Nothing should appear in the answer except the lines from the one with "Jerry Seinfeld and" through the end of the listing below, transcribed exactly and without pictures.

INFORMATION SHOWN:

....................

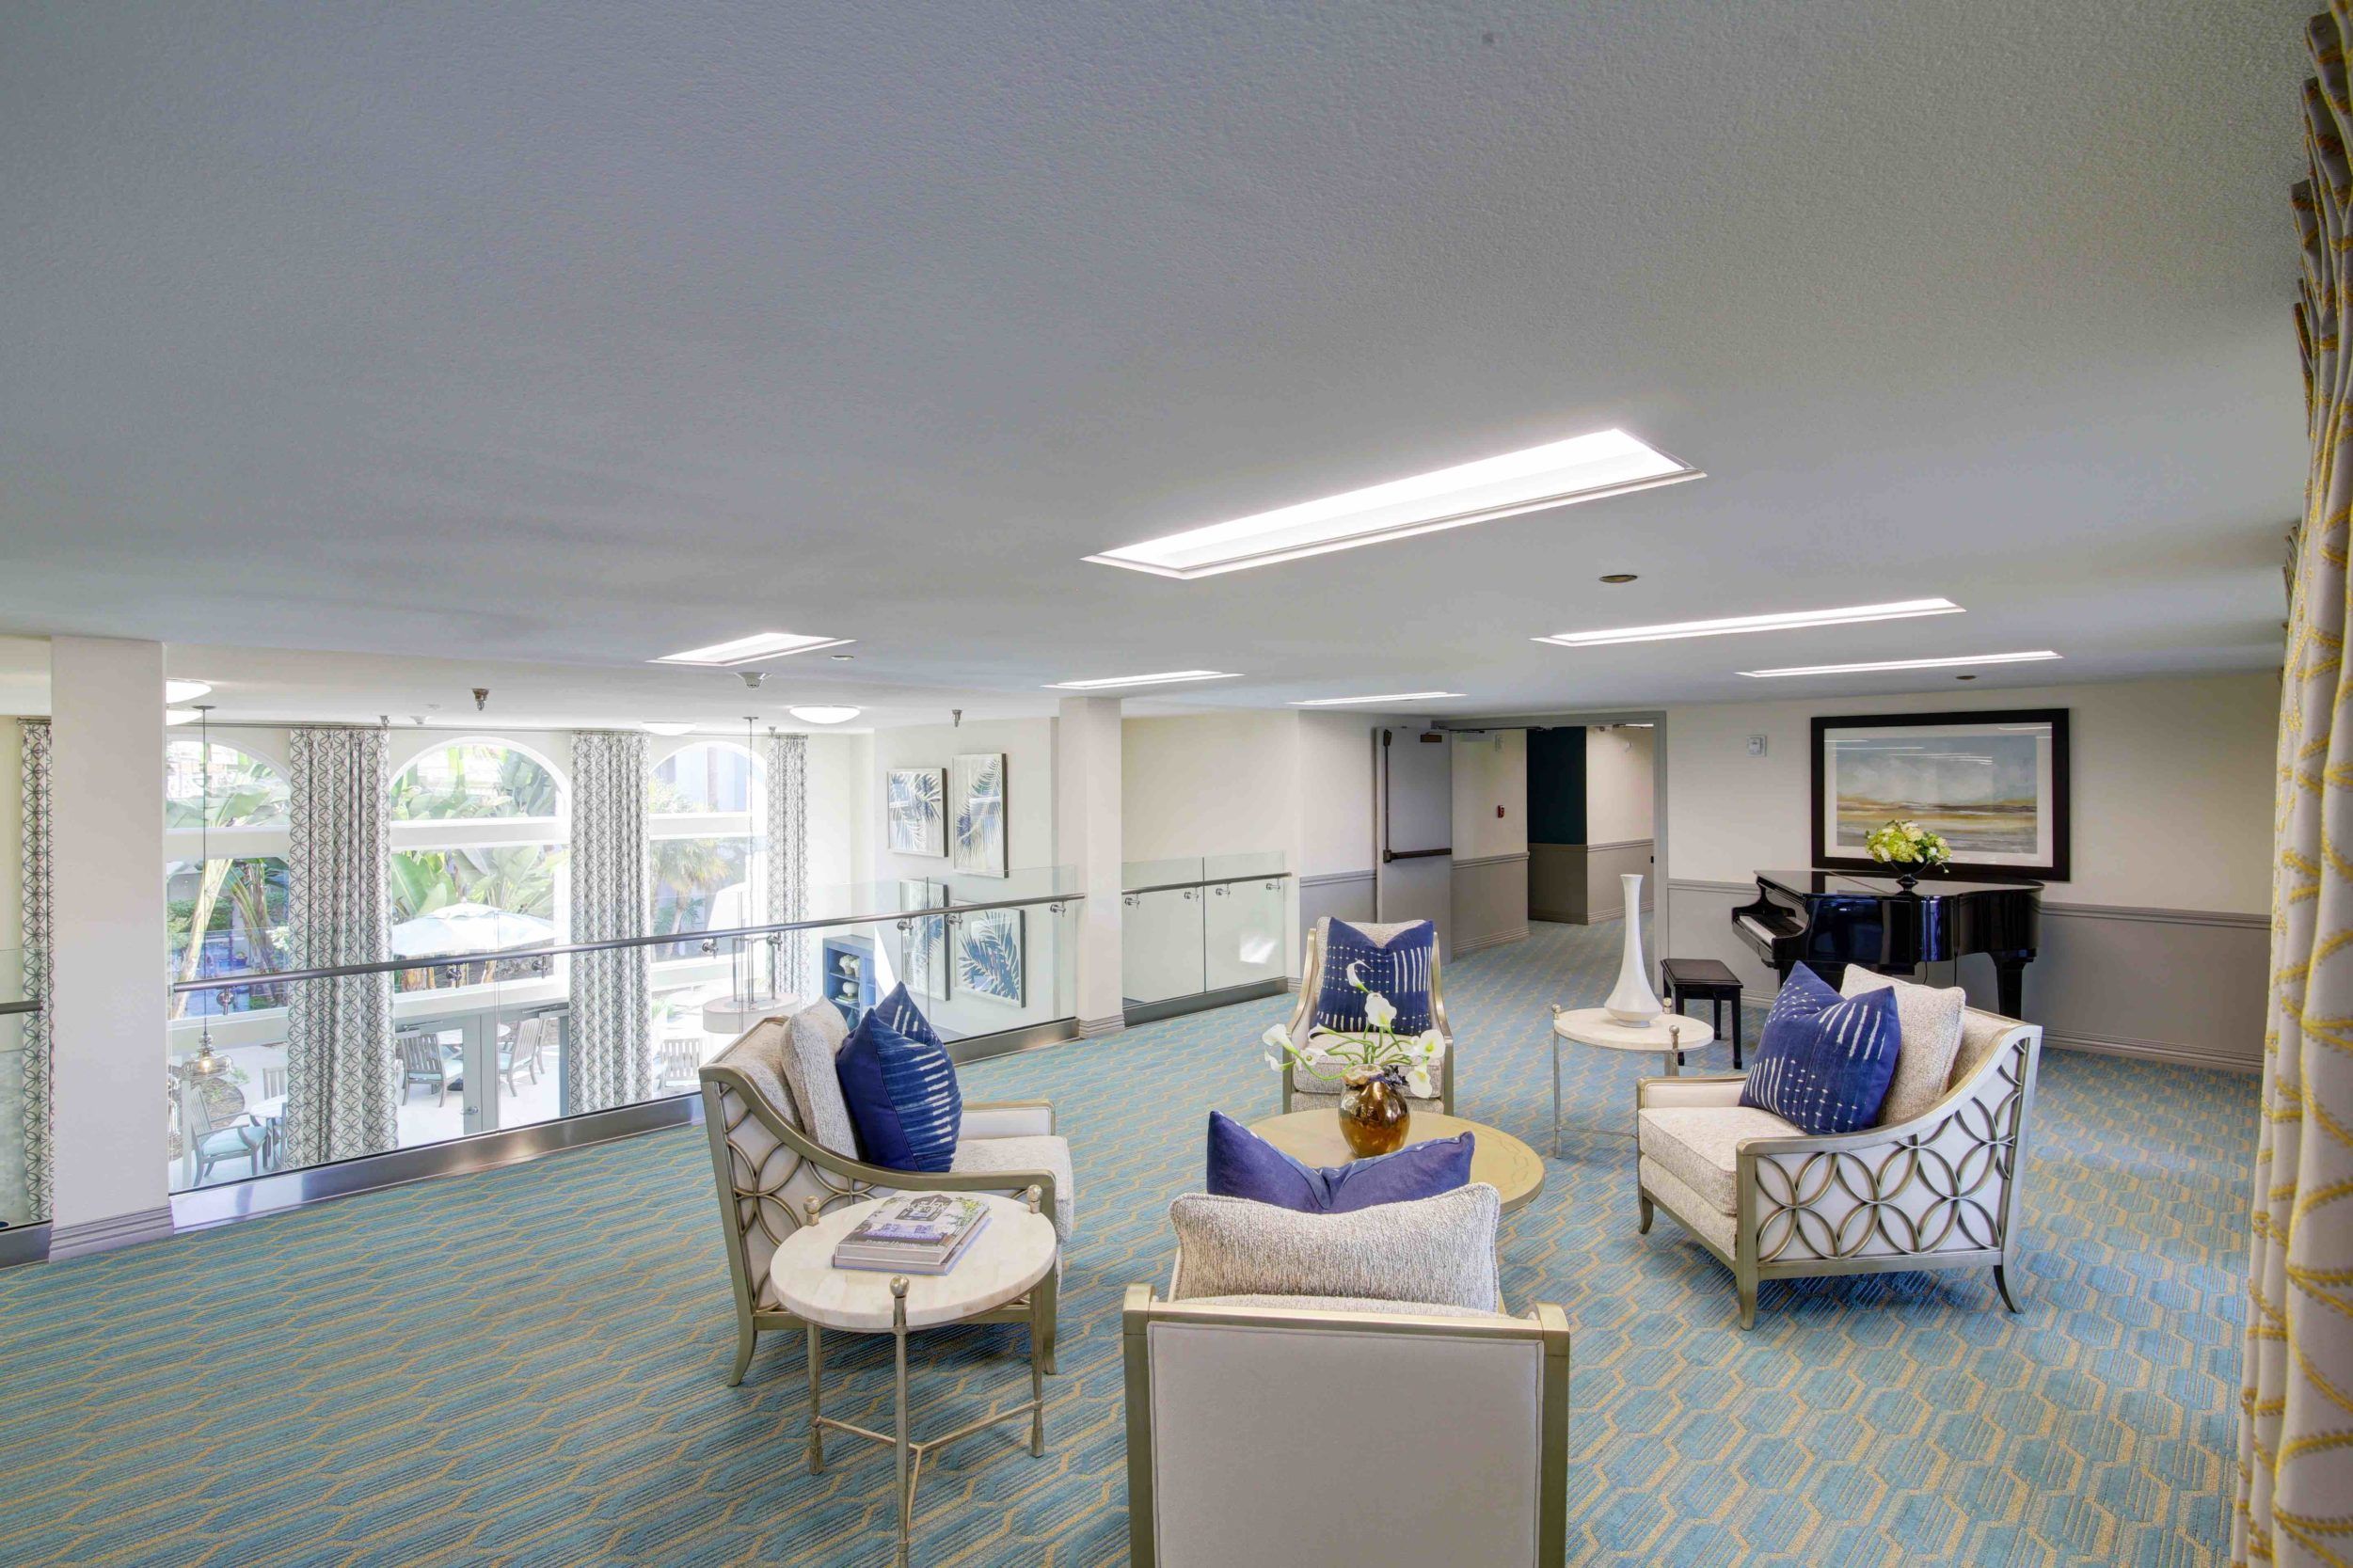 Coastal Heights Senior Living community featuring a welcoming reception room with elegant decor.
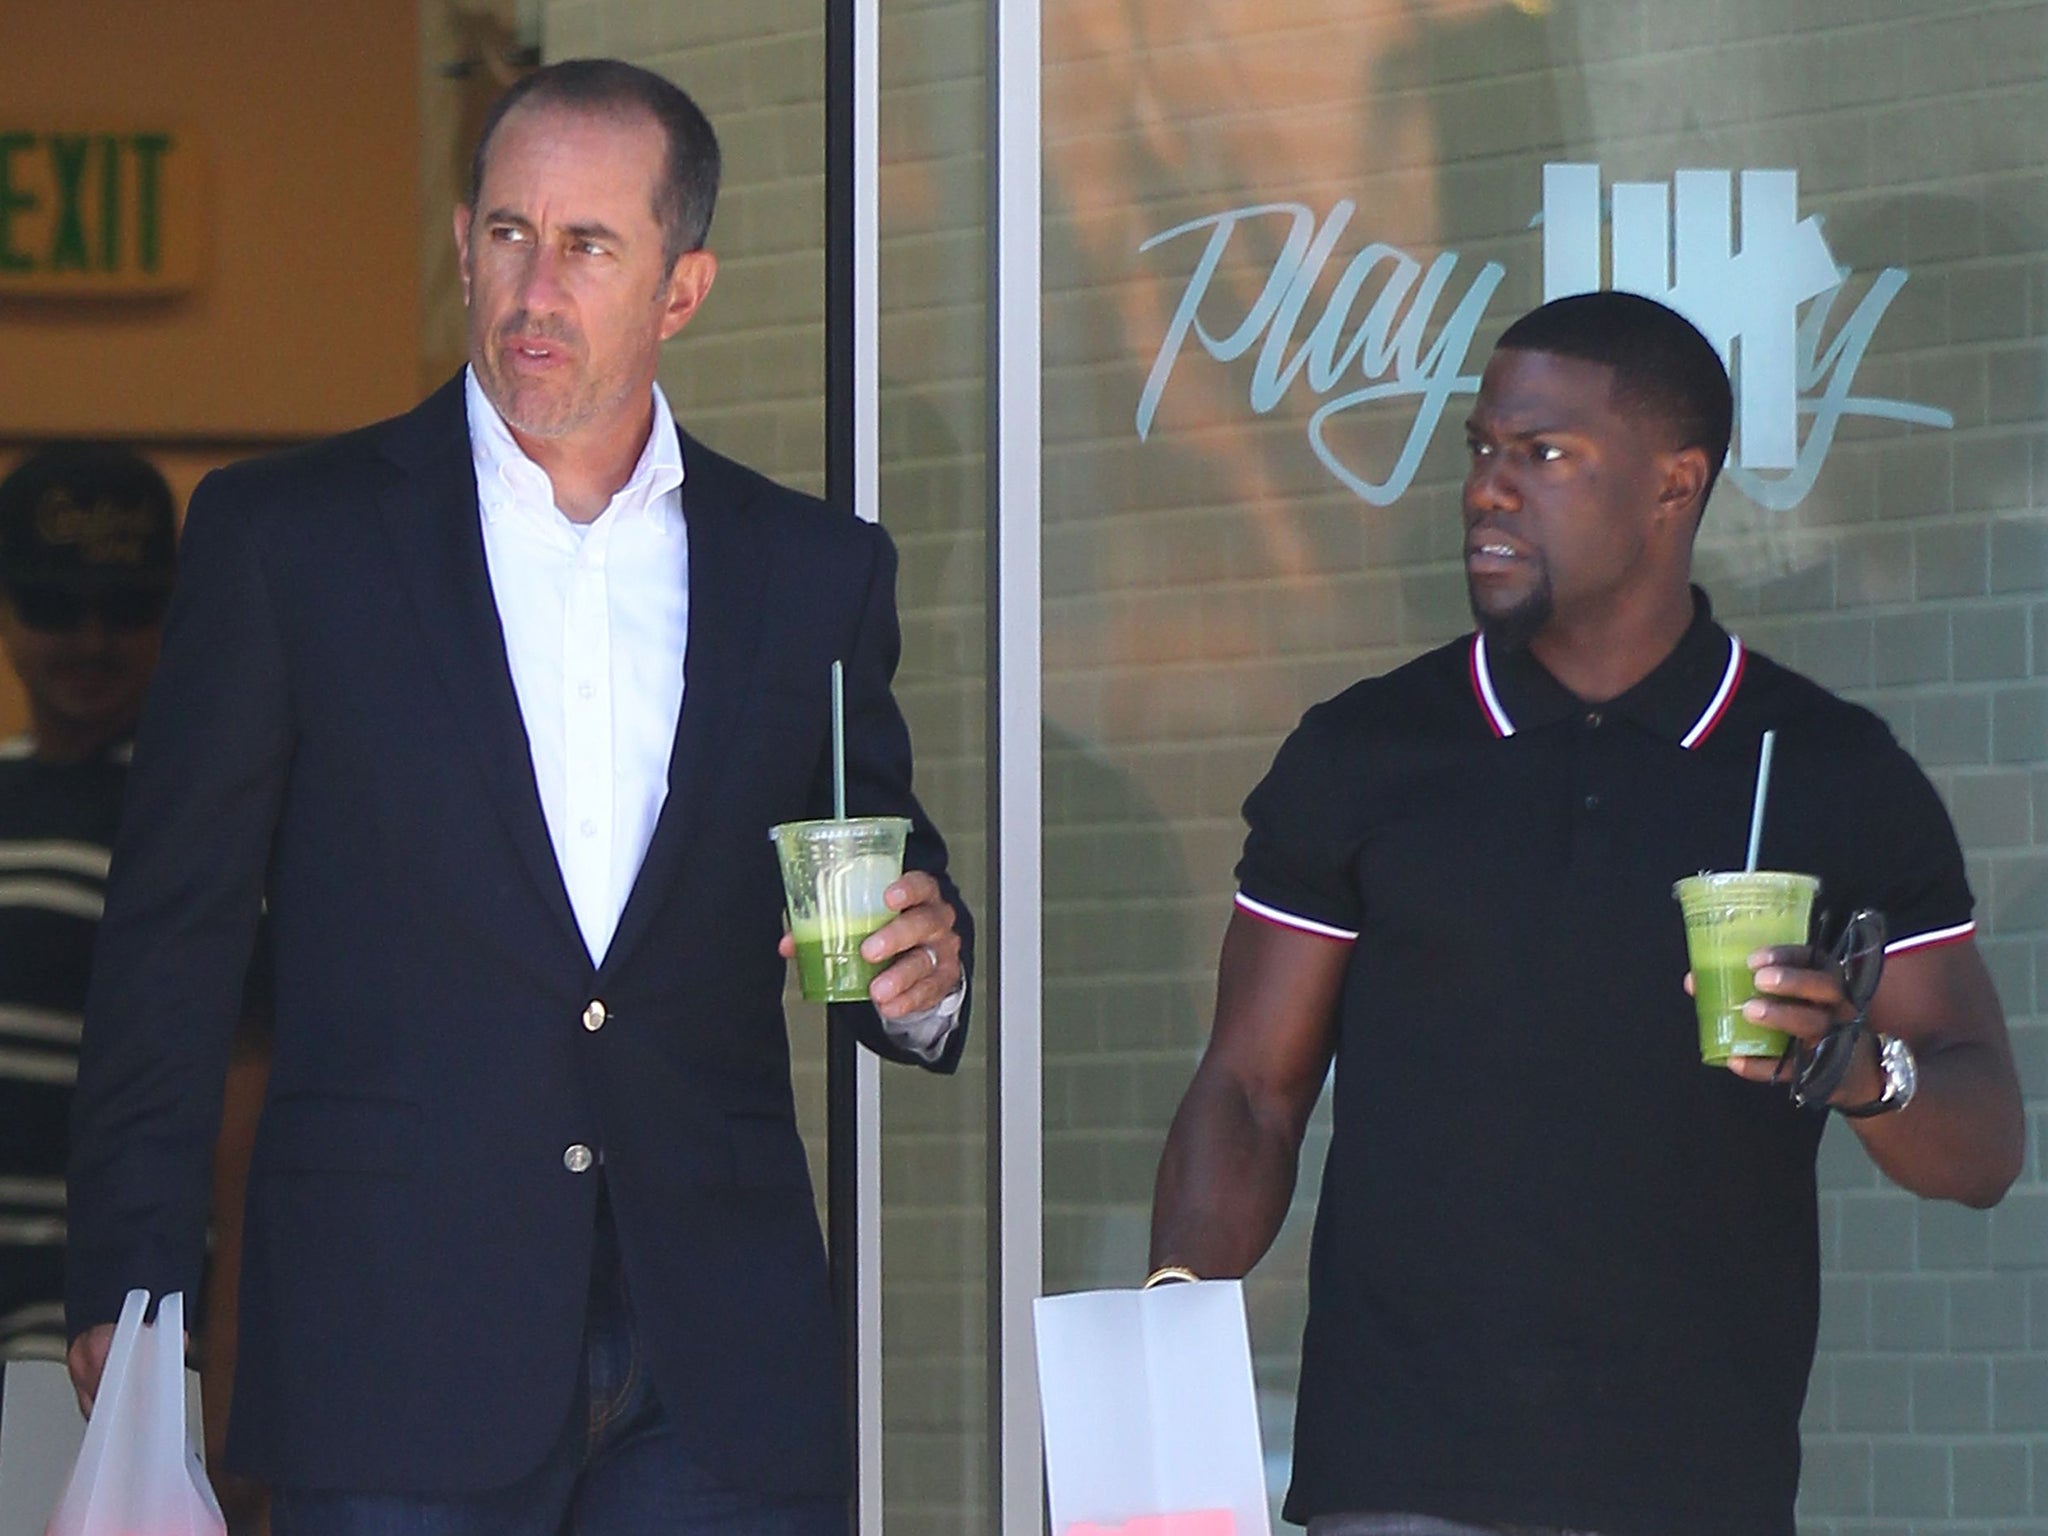 Jerry Seinfeld and Kevin Hart go shopping in an episode of ‘Comedians in Cars Getting Coffee’
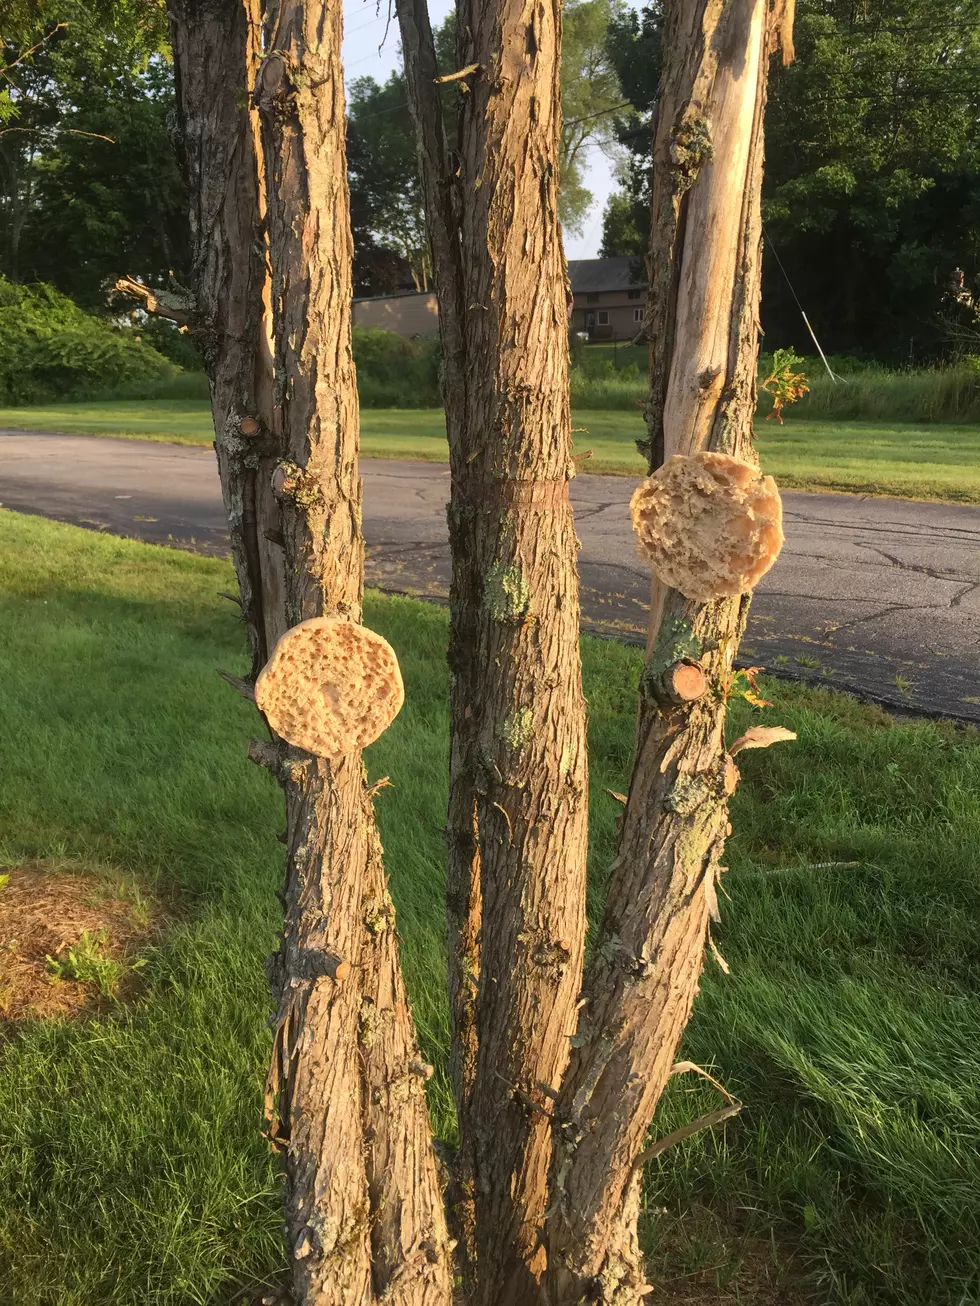 Weird Trend Of Stapling Bread To Trees Spotted in NH
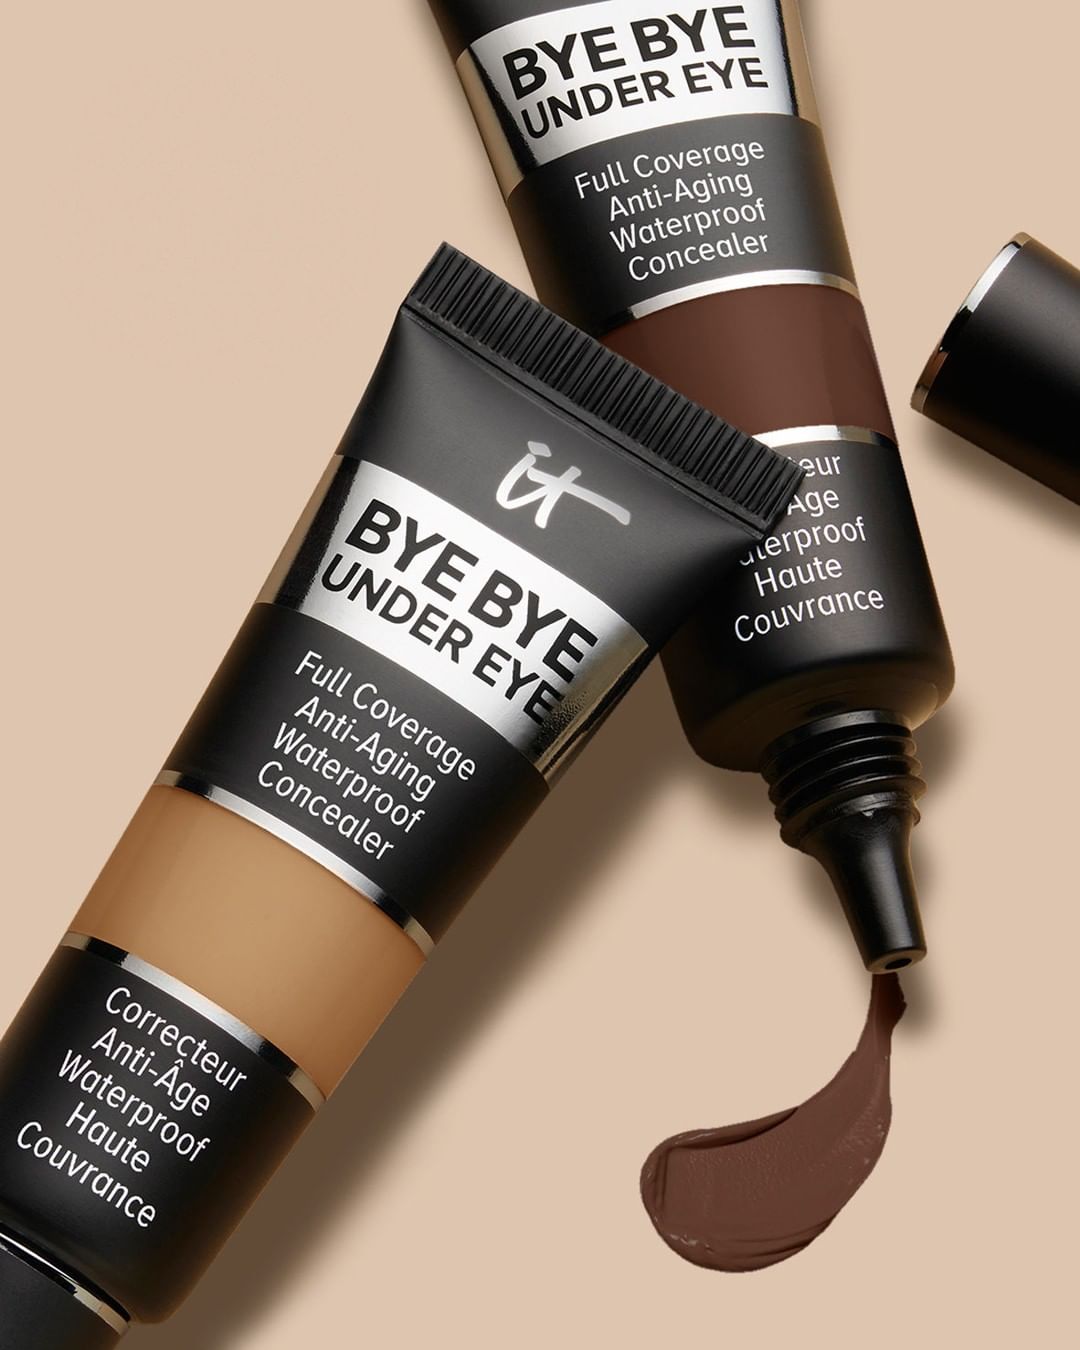 15 Beauty Products From Nordstrom That Are Absolutely Worth The Coins

....................

RESPONSE AREA:
 Jerry Seinfeld and Kevin Hart go shopping in an episode of ‘Comedians in Cars Getting Coffee’
 Weird Trend Of Stapling Bread To Trees Spotted in NH
 15 Beauty Products From Nordstrom That Are Absolutely Worth The Coins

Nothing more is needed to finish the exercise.